Minimize the blast radius

Blast radius is the worst thing an agent can do in a single bad turn. Your goal is to make that worst case boring. The toolset is your primary lever, but a few habits compound it:

Default to read-only; escalate per task. Most agents should never hold write or destructive tools. Grant them to the one agent whose job is to make the change, and nowhere else.
Separate observe from act. Keep investigation in read-only agents and mutation in a separate, narrowly-scoped agent. The handoff (a diff, a plan, a summary) becomes a natural review checkpoint.
Gate the irreversible. Force-push, DROP, rm -rf, deploy, and anything that spends money or touches customers ideally shouldn't be reachable from a routine agent's toolset at all. Where the agent still needs a shell, gate the dangerous commands with a PreToolUse hook — a prompt that asks the agent to confirm first is persuasion the model can talk itself out of; a hook that blocks the command is enforcement it can't.
Scope Bash deliberately. Bash is the widest tool there is — granting it hands the agent the full shell, not a curated subset. If an agent has it, lean on dedicated tools (Read, Grep, Glob, Edit) for everything those already cover so Bash isn't the path of least resistance, and use a PreToolUse hook to allow- or deny-list the commands it may actually run. The tools allowlist alone won't do that for you.

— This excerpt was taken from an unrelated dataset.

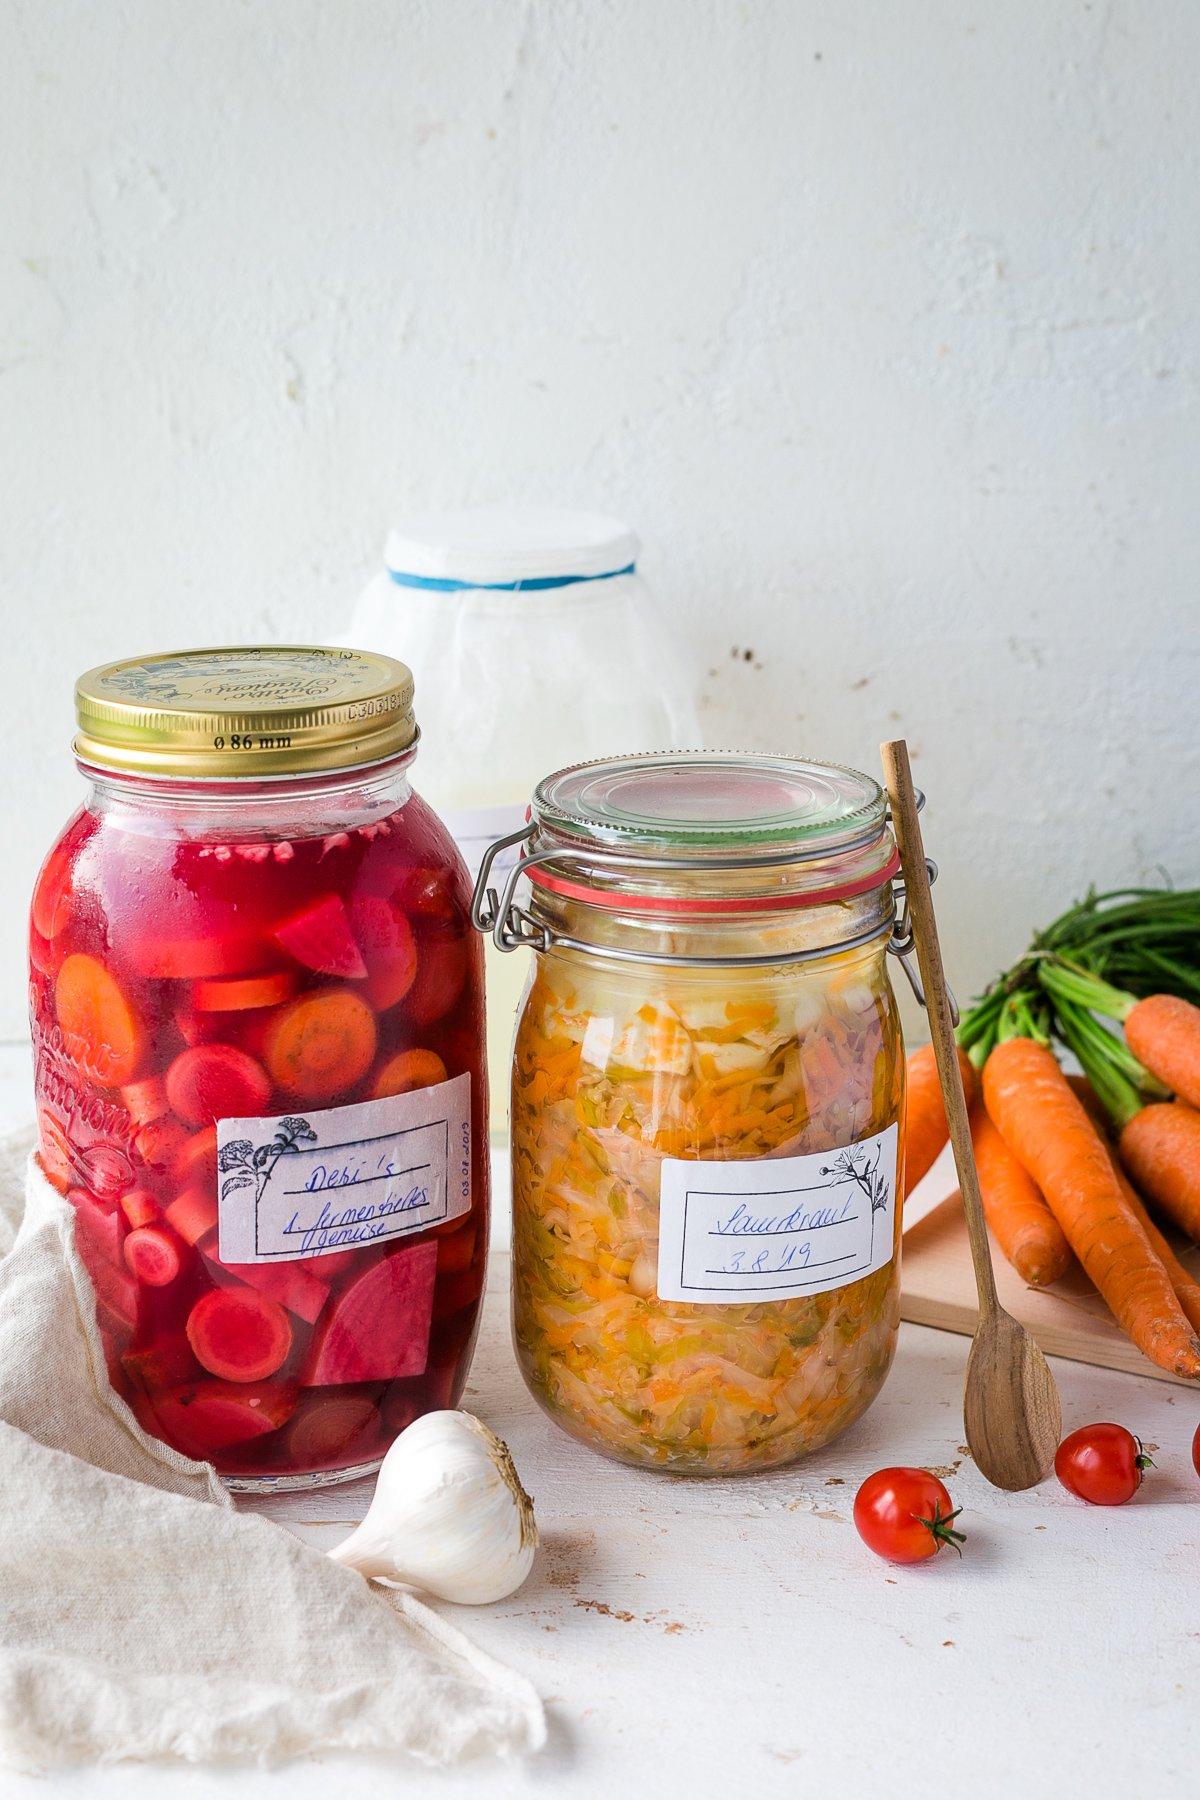 Gemuese fermentieren

# Read-only investigator: observes everything, changes nothing.
tools: Read, Grep, Glob, Bash
 
# Surgical fixer: can change code, but holds no deploy or network tools.
tools: Read, Grep, Glob, Edit, Bash

The pattern underneath all of this: capability is the real boundary, and a tool the agent doesn't have is the only constraint that can't be argued around.

Putting it together

Design the toolset before you polish the prompt — it does more to determine behavior than any wording will. Start from zero, add only what a named task requires, keep the agent read-only unless its job is to change things, and split overlapping responsibilities into separate agents with separate, sharp toolsets. Name and describe each tool so its purpose and boundary are unmistakable, scope MCP servers and their credentials to least privilege, and keep anything irreversible out of routine reach. A few sharp tools, granted on purpose, beat a full toolbox every time.